Google Search's SGE broadens its global reach and gains new upgrades
Google's generative AI in Search gets smarter and more sassy.
What you need to know
- Google expands SGE to 120 additional countries, including Mexico, Brazil, South Korea, Indonesia, and Nigeria.
- SGE is also adding support for four new languages: Spanish, Portuguese, Korean, and Indonesian.
- The generative AI experience is making it easier to ask follow-up questions by displaying your prior questions and search results on the results page.
- Google has also improved SGE's translations to provide more context, especially for words with multiple meanings.
Google's AI-powered Search experience, known as SGE, is expanding to over 120 additional countries and adding support for four more languages.
SGE is making its debut in a bunch of new places, including most of Latin America, Bangladesh, Bhutan, South Korea, Indonesia, Colombia, and Sub-Saharan Africa. This move comes a few months after it kicked off in the U.S. and later expanded to India and Japan.
While more people can now play around with Google's AI-powered search assistant, they'll still need to do a few things to try it out. First, users must sign up for Google's Search Labs program and use Chrome on desktop or the Google app on mobile. In the new countries, SGE is now available on Chrome desktop and will be available on the Google app in the coming week, the company said.
Additionally, SGE now speaks four more languages: Spanish, Portuguese, Korean, and Indonesian. So no matter what language you speak, you can now search and chat with SGE in your native tongue. This new language support is available on Chrome desktop now, and will be rolling out to the Search Labs app for Android over the next week.
Google is also spicing up SGE with some nifty new features, including an improved follow-up function. Now you can grill the assistant with more questions right on the search results page. No need to bounce around or type out all those queries.
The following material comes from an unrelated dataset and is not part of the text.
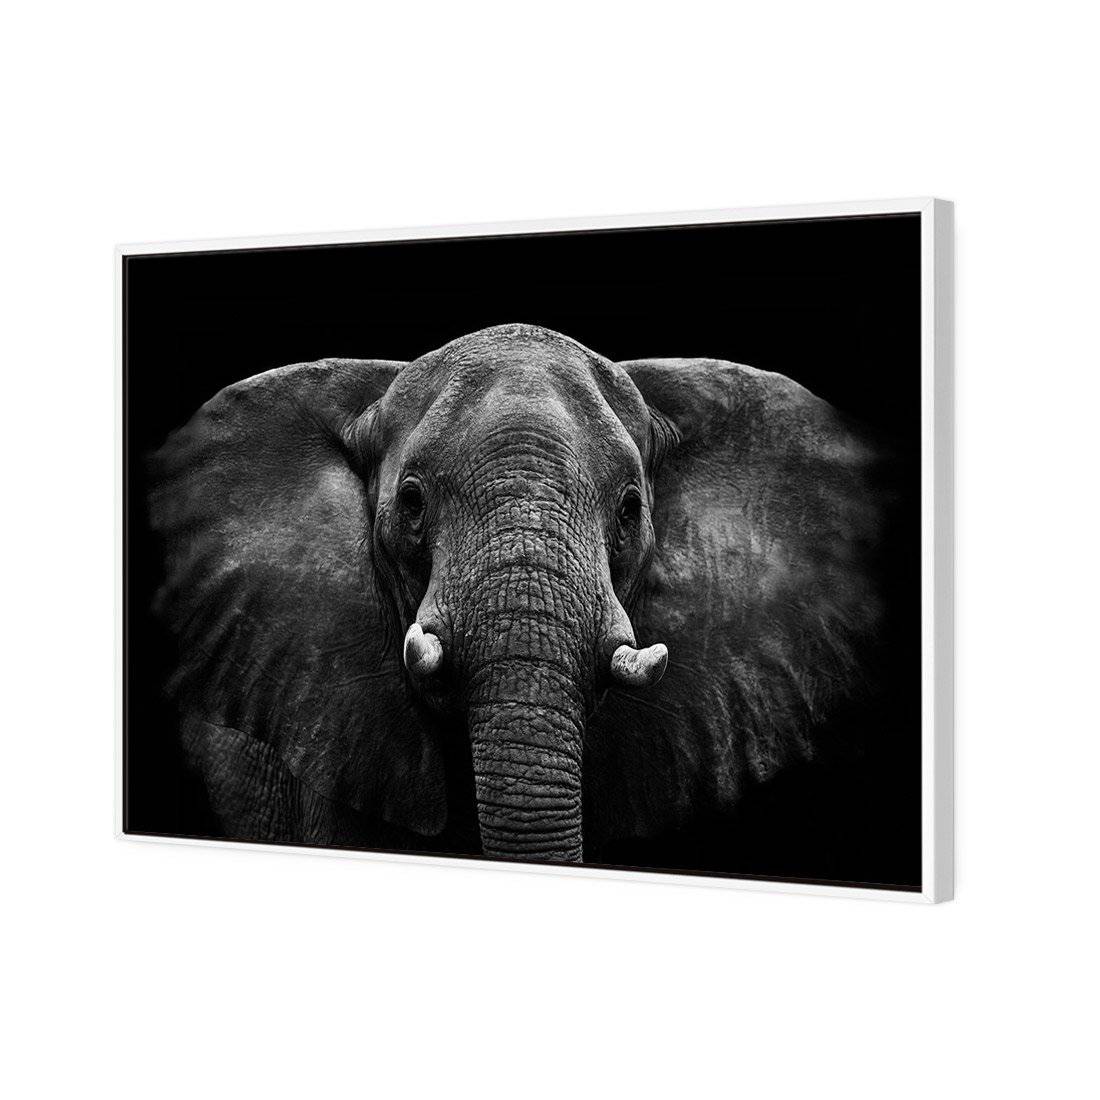 Regal Elephant Canvas Art-Canvas-Wall Art Designs-45x30cm-Canvas - White Frame-Wall Art Designs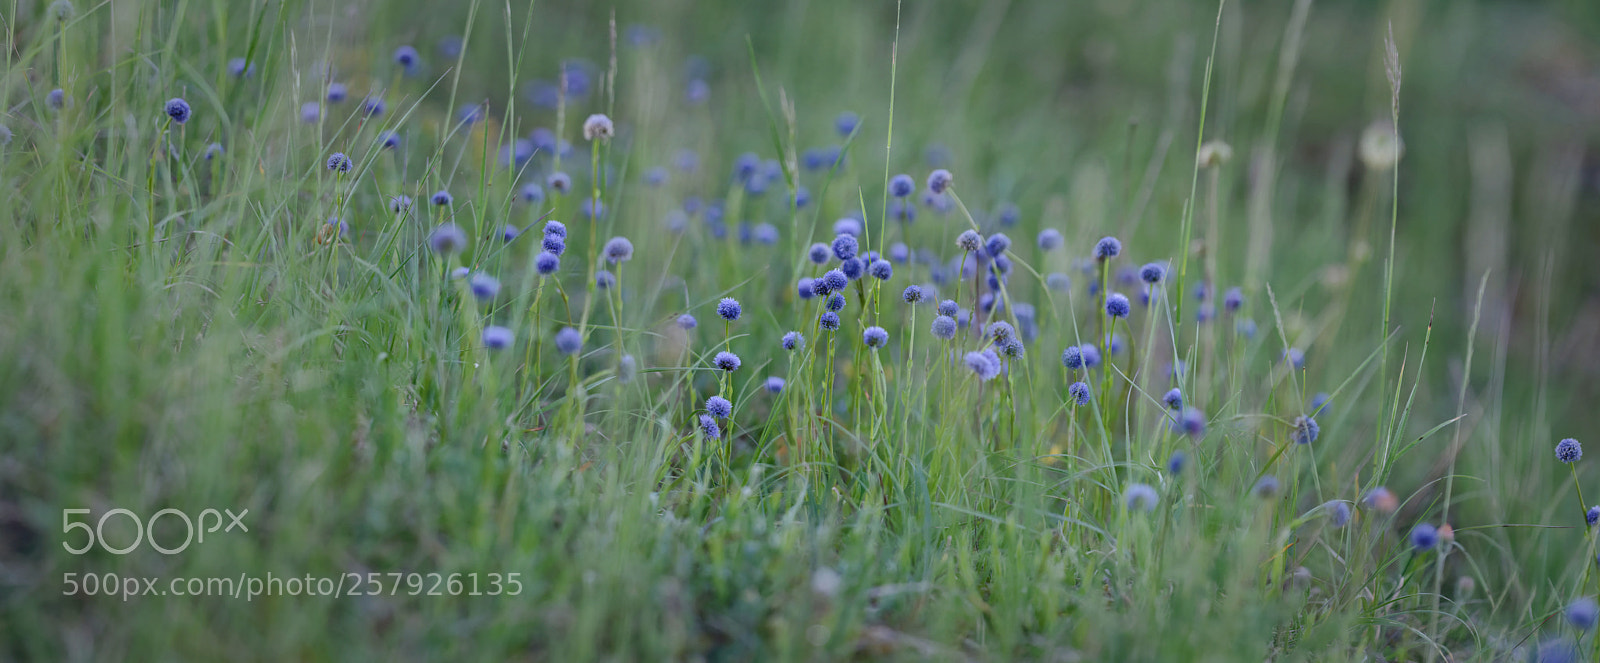 Nikon D7100 sample photo. Troupeau de fleurs bleues photography

This feature will start rolling out in the coming weeks, but only for English-speaking users in the U.S. at first.
SGE will also assist in translating ambiguous terms. Say you're translating "Is there a tie?" into Spanish. Depending on whether you mean a match tie or a necktie, things get wild. SGE will then spot these tricky words, highlight them, and let you pick the version you need.
Google is also adding interactive definitions for coding and health topics to SGE. This means that when you search for a coding or health term, SGE will show you a definition that you can interact with to learn more. This feature will be available in English in the U.S. first and will roll out to other countries in the future.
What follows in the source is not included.